After locating the line that contains "G011 Audio Presentation Skills", transcribe exactly that line and each one after it until the data ends, skipping pictures.

◆ **DATA BLOCK**
═══

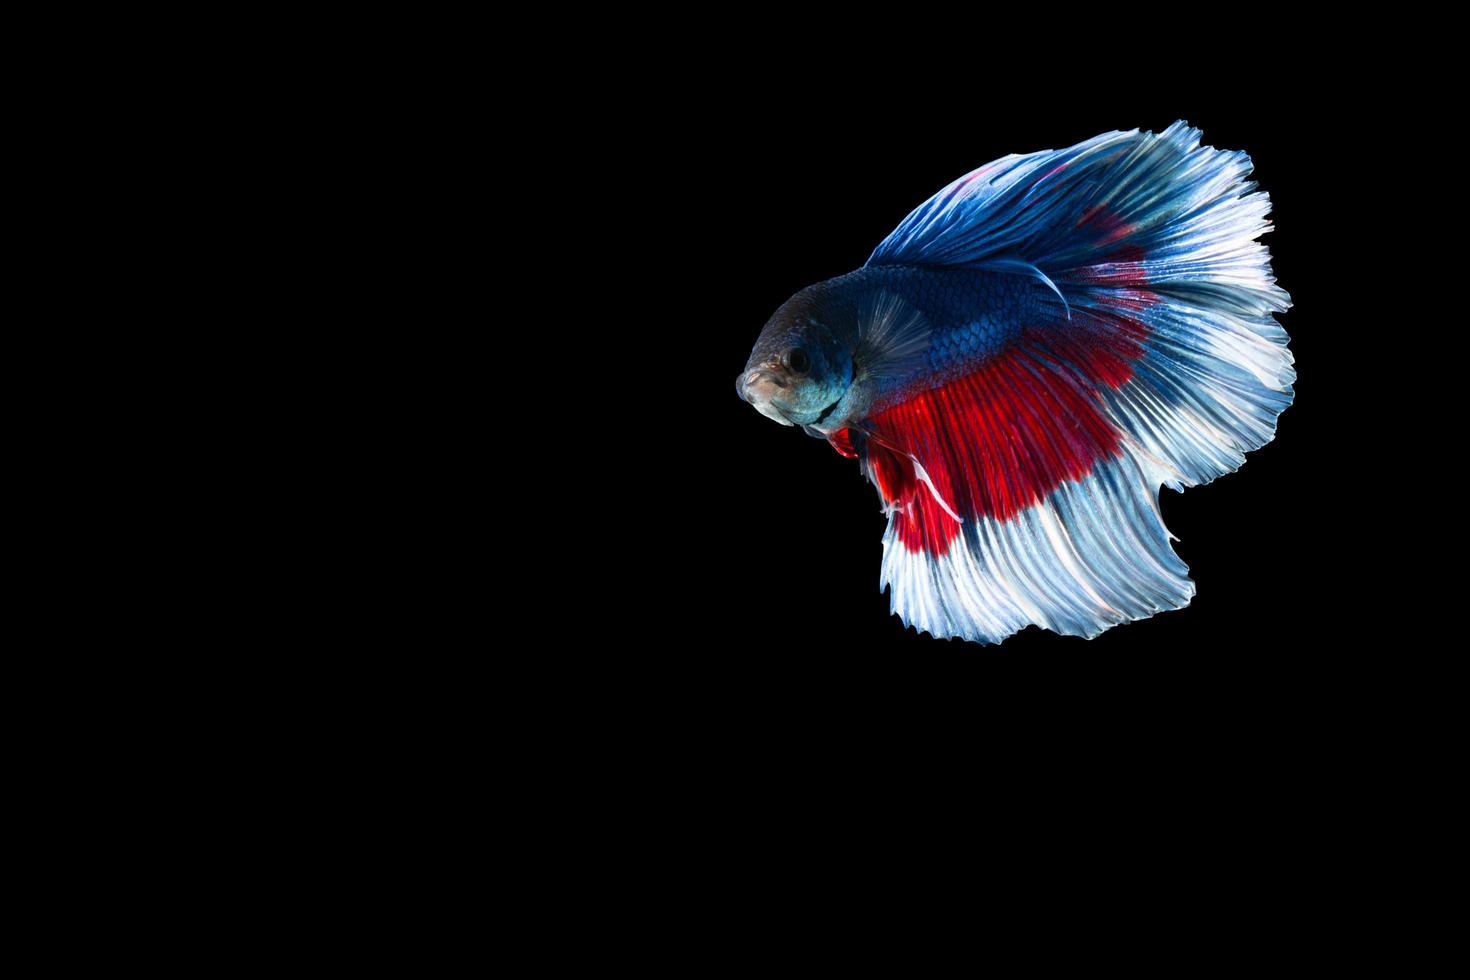 pez betta de media luna con rayas azules y rojas foto
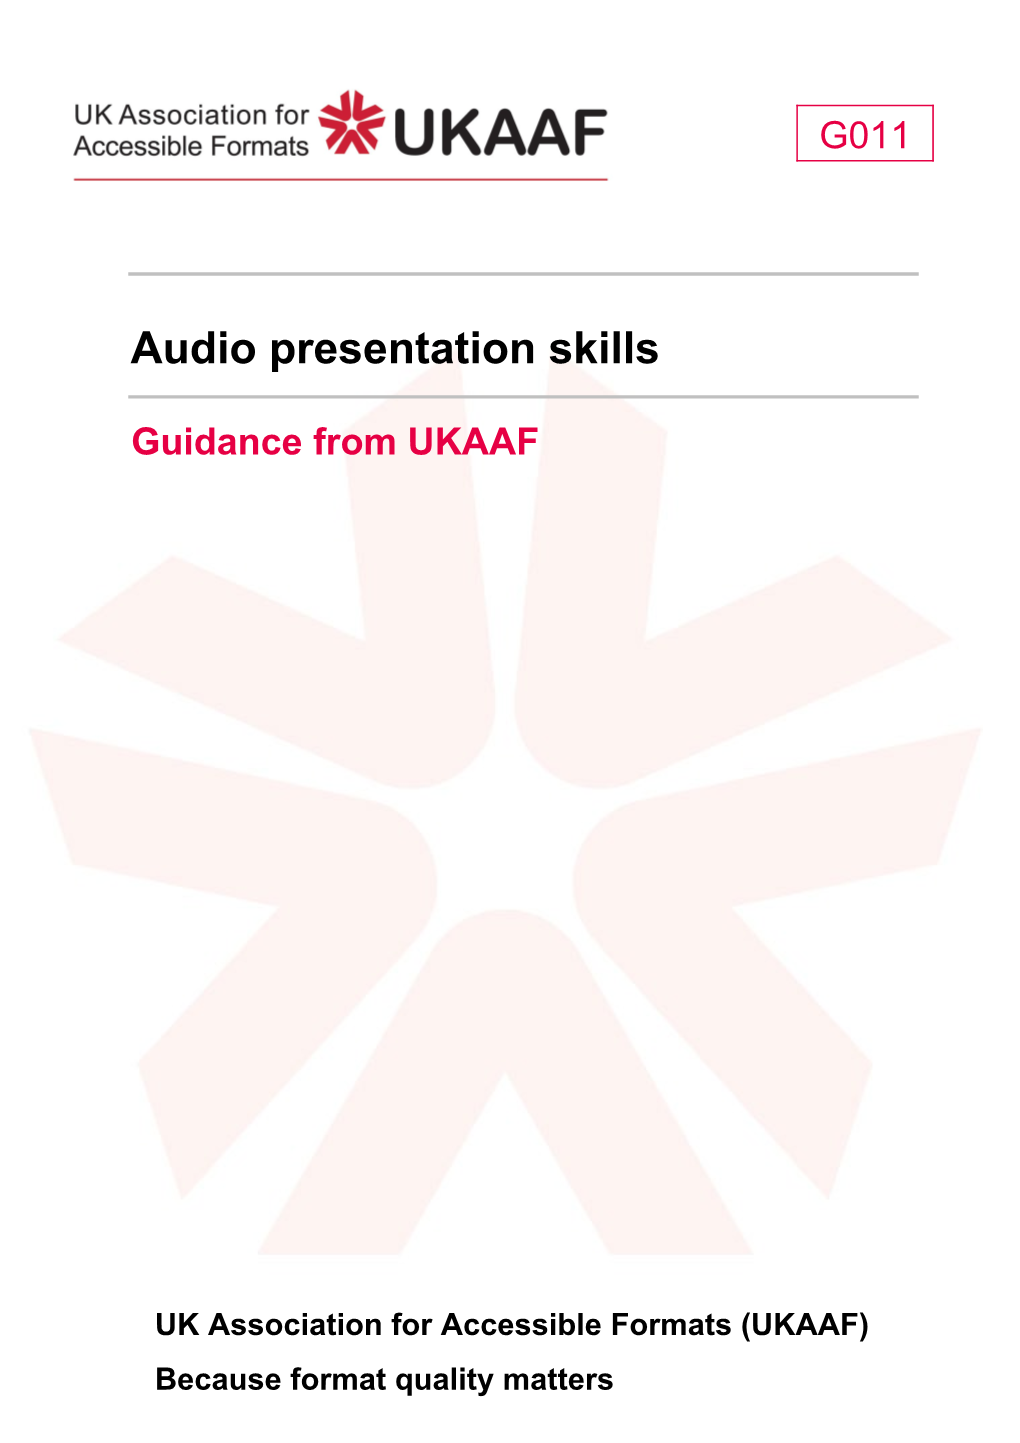 G011 Audio Presentation Skills
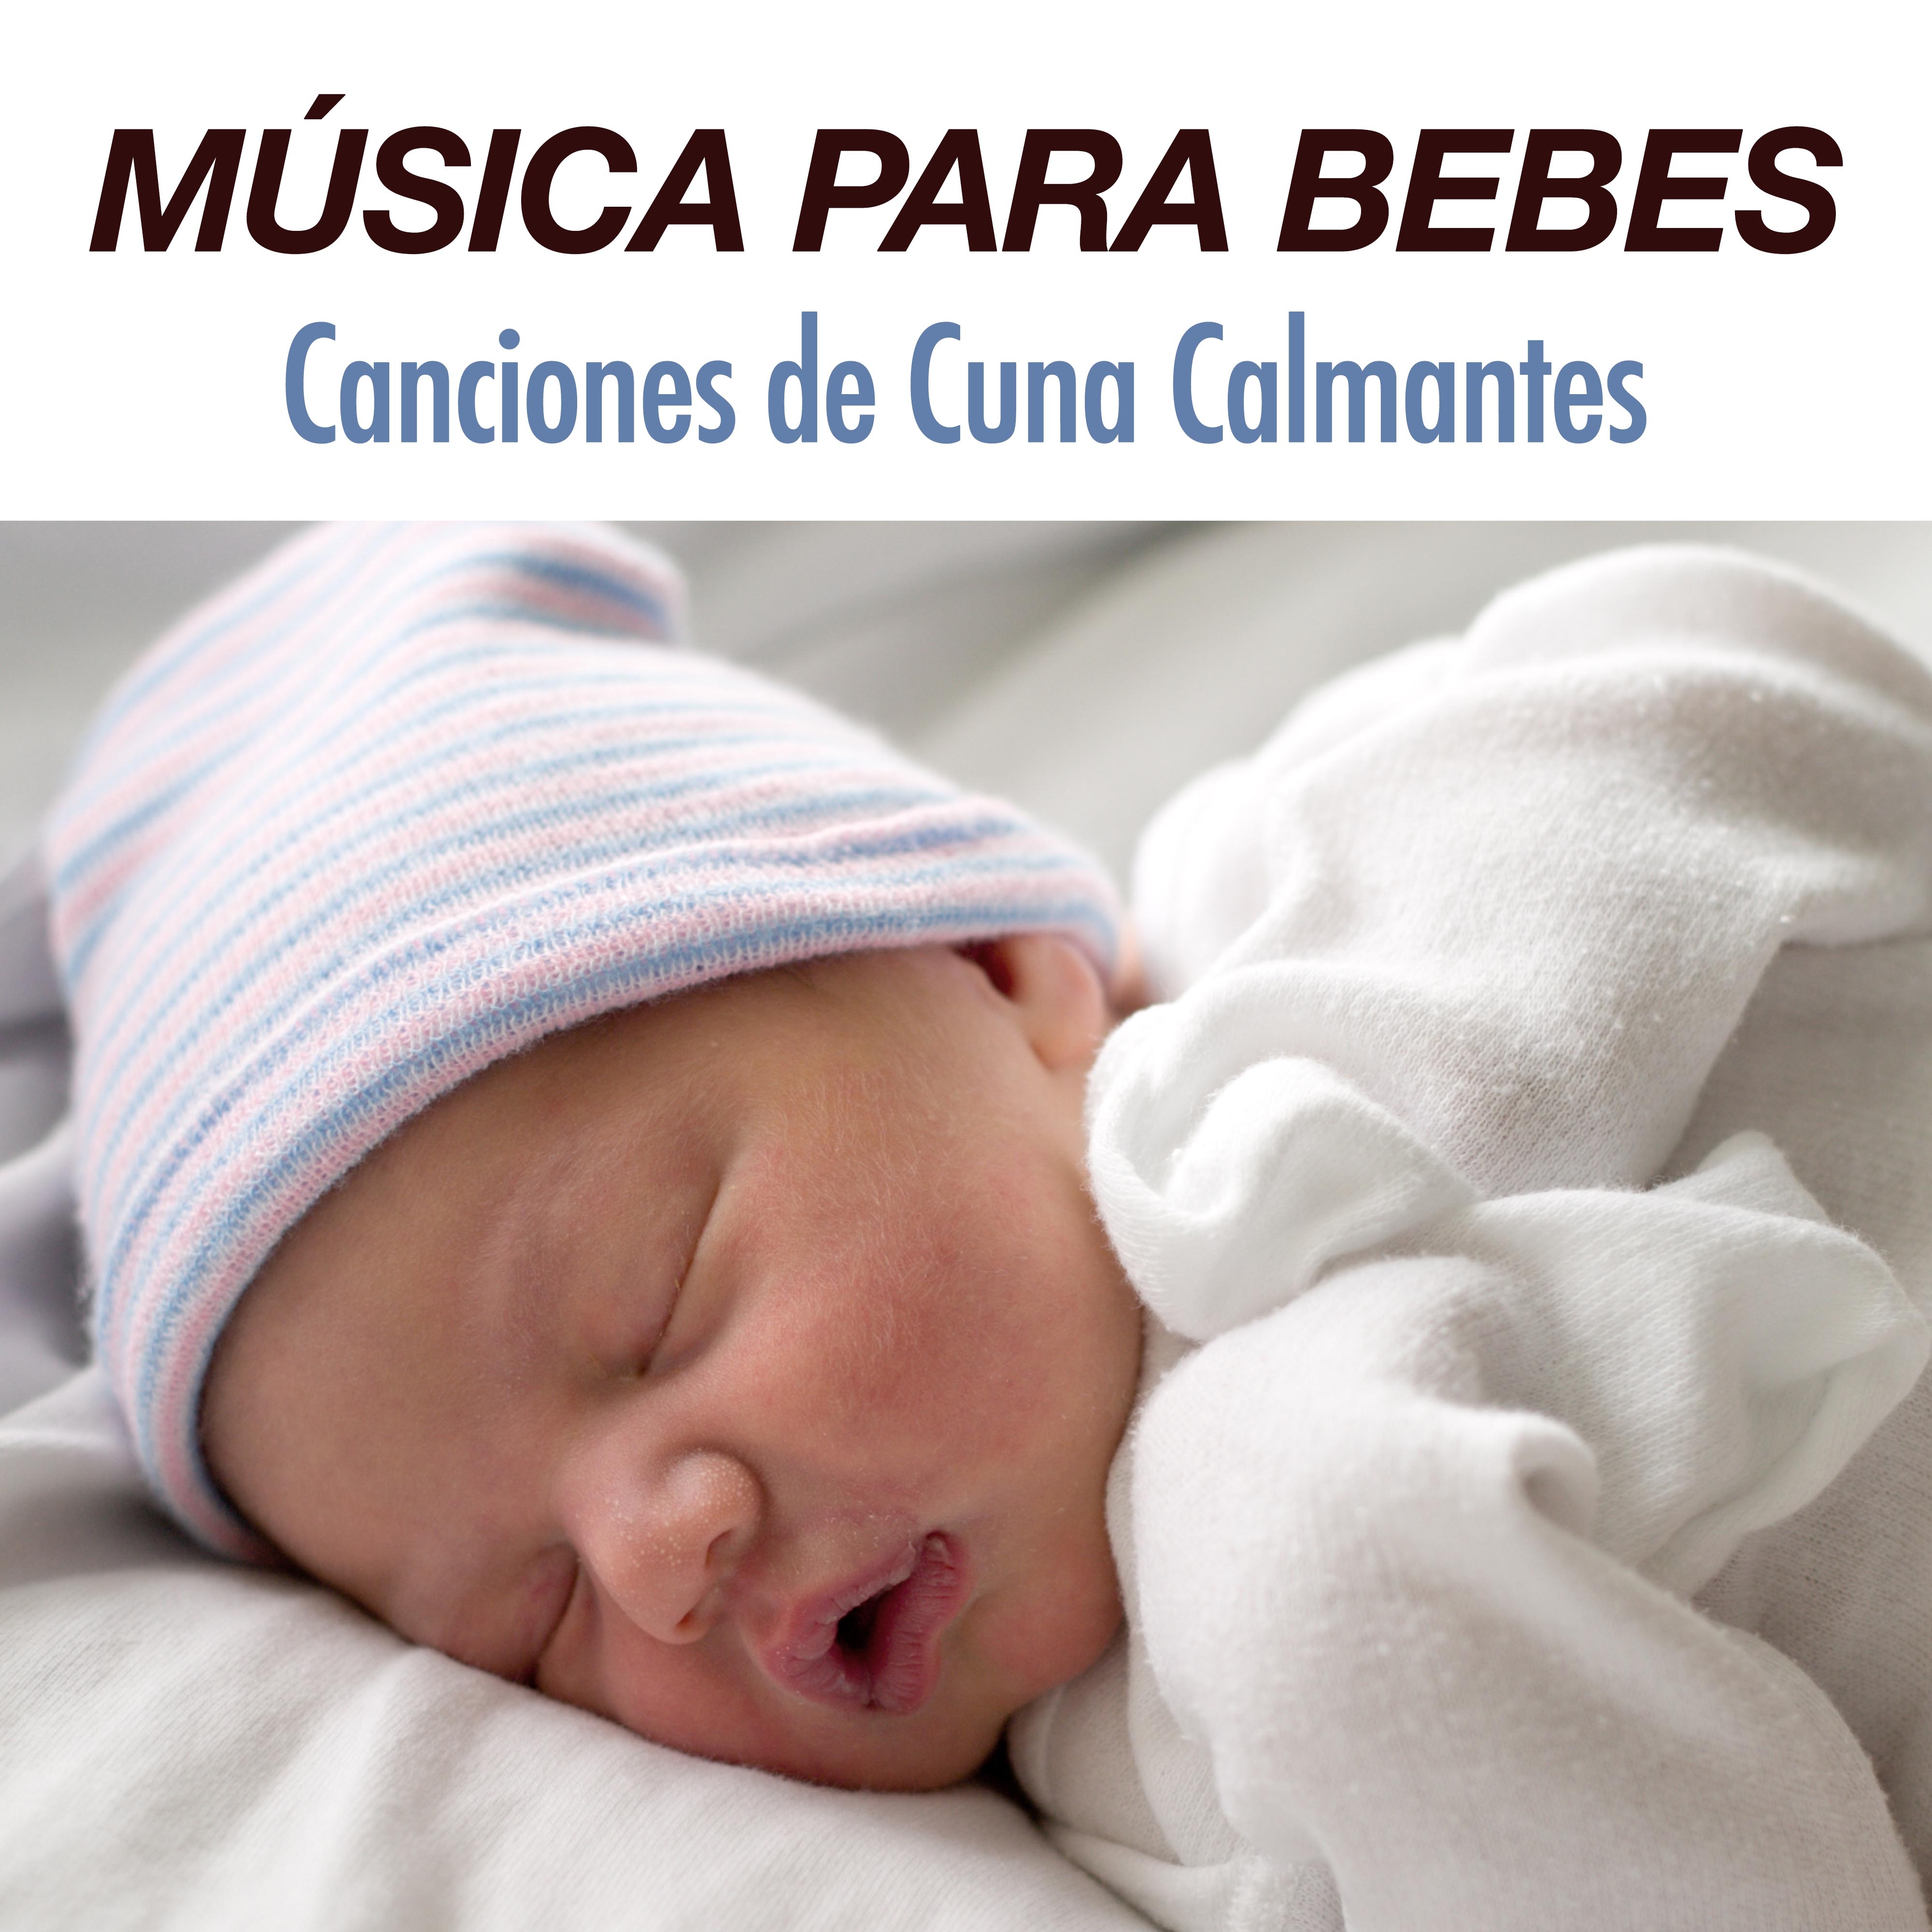 Musica New Age para Bebes - Canciones de Cuna y Musica para Dormir
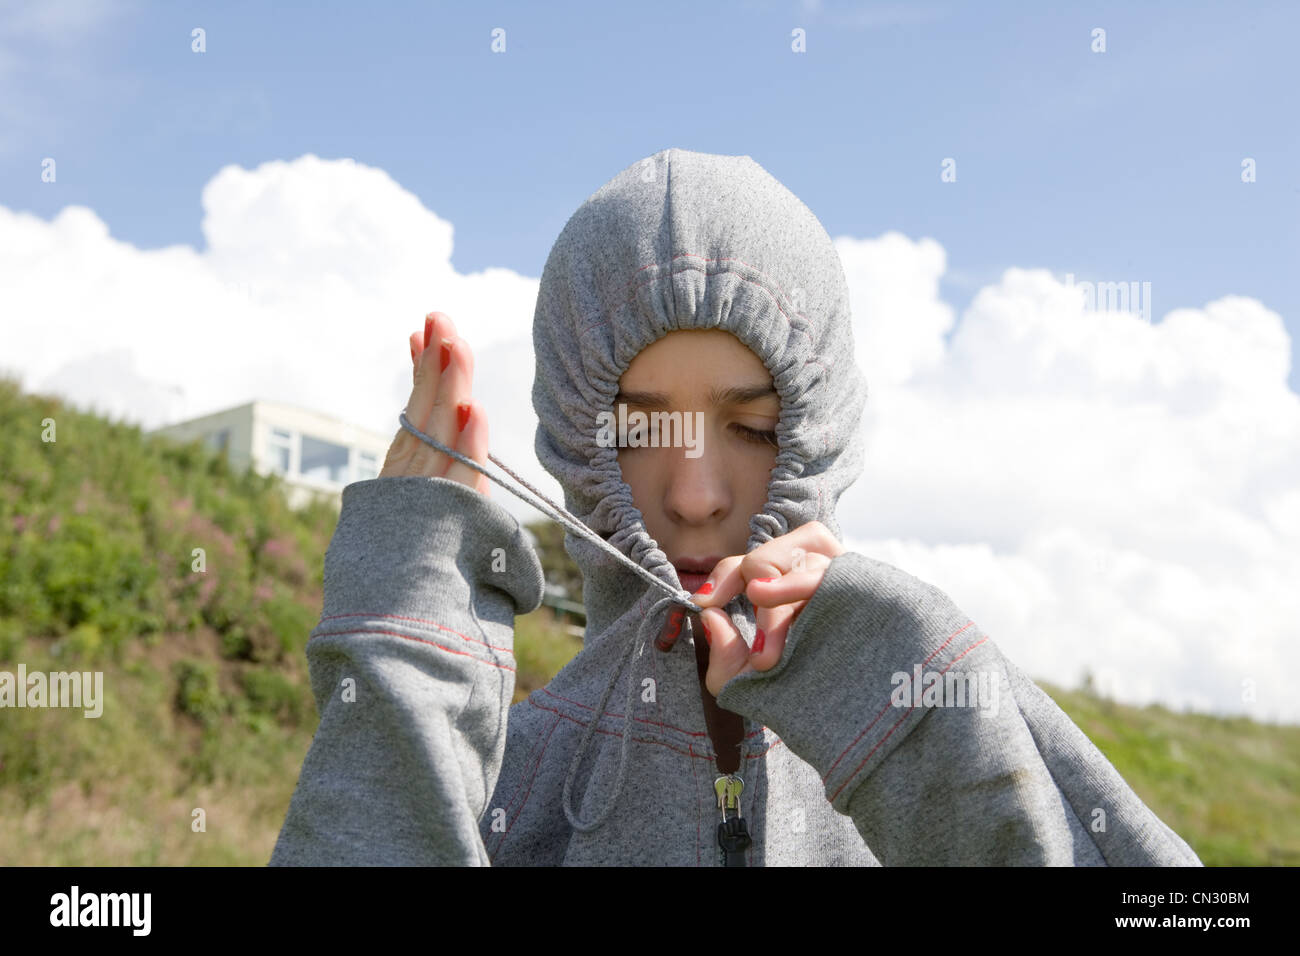 Adolescente vistiendo sudadera con capucha en gris Foto de stock

═══

◆ **TASK RESPONSE**
 G011 Audio Presentation Skills
 Musica New Age para Bebes - Canciones de Cuna y Musica para Dormir
 Adolescente vistiendo sudadera con capucha en gris Foto de stock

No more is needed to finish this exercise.